Authors :
Presenting Author: Anna Maslarova, MD PhD – New York University, Grossman School of Medicine
Jiyun Shin, PhD – New York University Langone Health
Andrea Navas-Olive, PhD – Institute of Science and Technology, Austria
Mihály Vöröslakos, MD PhD – New York University, Grossman School of Medicine
Hajo Hamer, MD – University Hospital Erlangen
Arnd Doerfler, MD – University Hospital Erlangen
Simon Henin, Ph.D. – New York University Langone Health
György Buzsáki, MD PhD – New York University, Grossman School of Medicine
Anli Liu, M.D. – New York University Langone Health
Rationale:
Hippocampal sharp-wave ripples (SPW-Rs) are high-frequency oscillations critical for memory consolidation. Despite extensive characterization in rodents, their detection in humans is limited by coarse spatial sampling, interictal epileptiform discharges (IEDs), and a lack of consensus on their localization and morphology. We identified distinctive features of SPW-Rs and IEDs in mice and applied these to optimize ripple detection in humans.
Methods:
We analyzed hippocampal recordings from 5 APP/PS1 transgenic mice and 13 surgical epilepsy patients (6 temporal, 7 extratemporal). The APP/PS1 model of Alzheimer’s disease reliably expresses hippocampal IEDs but lacks frequent seizures or hippocampal sclerosis. We used wide-coverage 1024-channel probes (SiNAPS, Neuronexus), to characterize the spectrotemporal features of rodent SPW-Rs and IEDs across hippocampal subfields. In patients implanted with hybrid macro-/microwire hippocampal electrodes (Behnke-Fried, AdTech), hippocampal subfield locations were identified via CT-MRI co-registration and ASHS segmentation. Automatic event detection was performed on band-pass filtered signals (20-80 Hz for IEDs, 130-200 Hz for rodent SPW-Rs, 80-250 Hz for human ripples). We used the spectral, spatial, and morphological features of rodent SPW-Rs and IEDs to guide detection of SPW-Rs and IEDs in human recordings.
Results:
In mice, SPW-Rs were characterized by 1) localization to the CA1 pyramidal layer with rapid decay of ripple power with distance; 2) multiple consecutive ripple cycles visible on the raw LFP, and 3) narrowband spectral peaks around 160 Hz. IEDs, by contrast, showed: 1) widespread propagation across all hippocampal subfields 2) broad spectral power (20–400 Hz), and 3) large-amplitude sharp transients lacking ripple cycles (Fig.1).
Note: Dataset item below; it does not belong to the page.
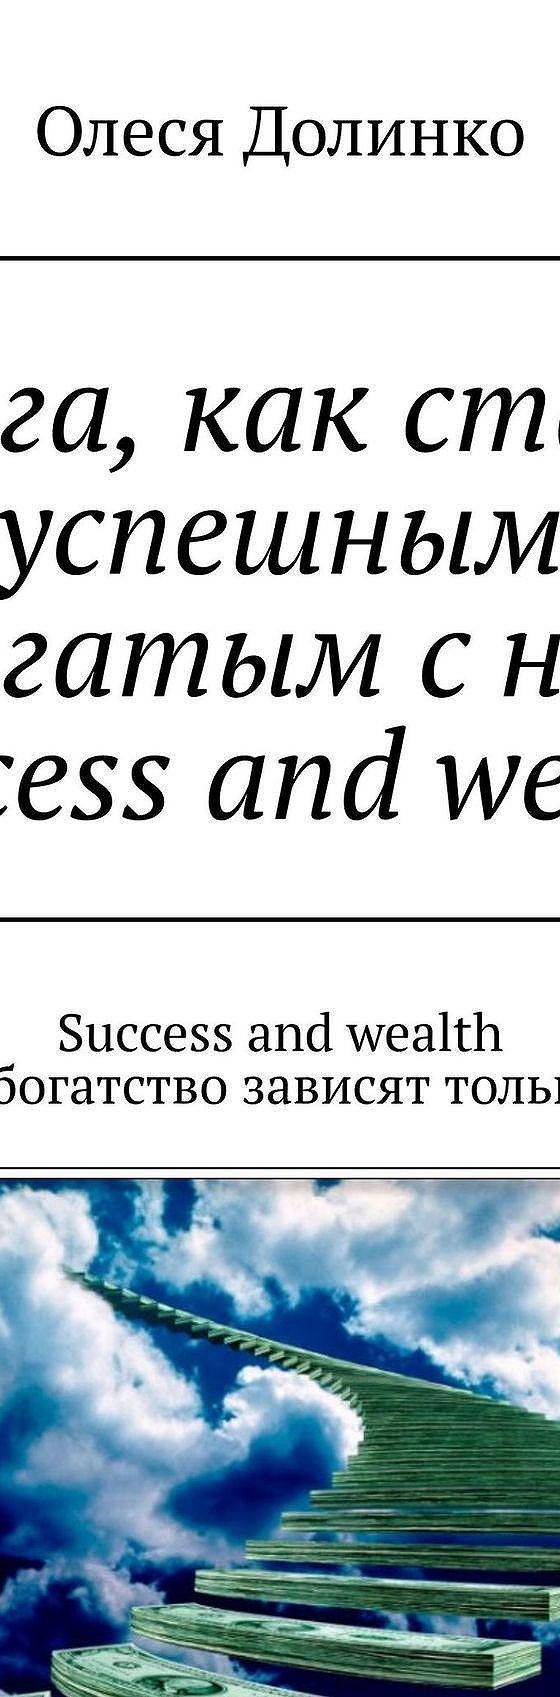 Читать книгу «Книга, как стать успешным и богатым с нуля. Success and  wealth. Success and wealth Успех и богатство зависят только от вас» онлайн  полностью📖 — Олеси Долинко — MyBook.

These findings revealed that channel location, false positives from filtered IEDs and inspection of the raw LFP waveforms may be leveraged to improve ripple detection in humans. We implemented following detection pipeline: 1) IED snippet removal prior to ripple detection 2) identification of ripple-positive channels based on subfield location (CA1); 3) presence of narrowband peaks > 60 Hz, and 4) unsupervised clustering of ripple/IED waveforms (LFP) using uniform manifold approximation analysis (UMAP). This method was implemented in our open-source toolbox, ripmap (https://github.com/acnavasolive/ripmap). Event classification by ripmap was independently validated by three raters.
The pipeline identified ~40% of channels as ripple-negative. On the remaining channels, ripmap eliminated an additional ~15% of false positives (Fig.2), significantly reducing the need for manual curation.
Conclusions:
Human ripple detection must account for anatomical and pathological confounds. By leveraging rodent SPW-R features, we developed a pipeline that improves the specificity of ripple detection in humans. This approach provides a foundation for future studies on memory-related ripple activity in the human brain.
Funding:
DFG MA 10301/1- 1 (AM), NYU FACES (AM, AL)
NOMIS fellowship (AN-O)
R01 NS127954 (AL), R01 NS1007806 (AL), 1K23NS104252 (AL)
NYU Department of Neurology (AL)
NIH MH122391 (GB)
U19 NS107616 (GB)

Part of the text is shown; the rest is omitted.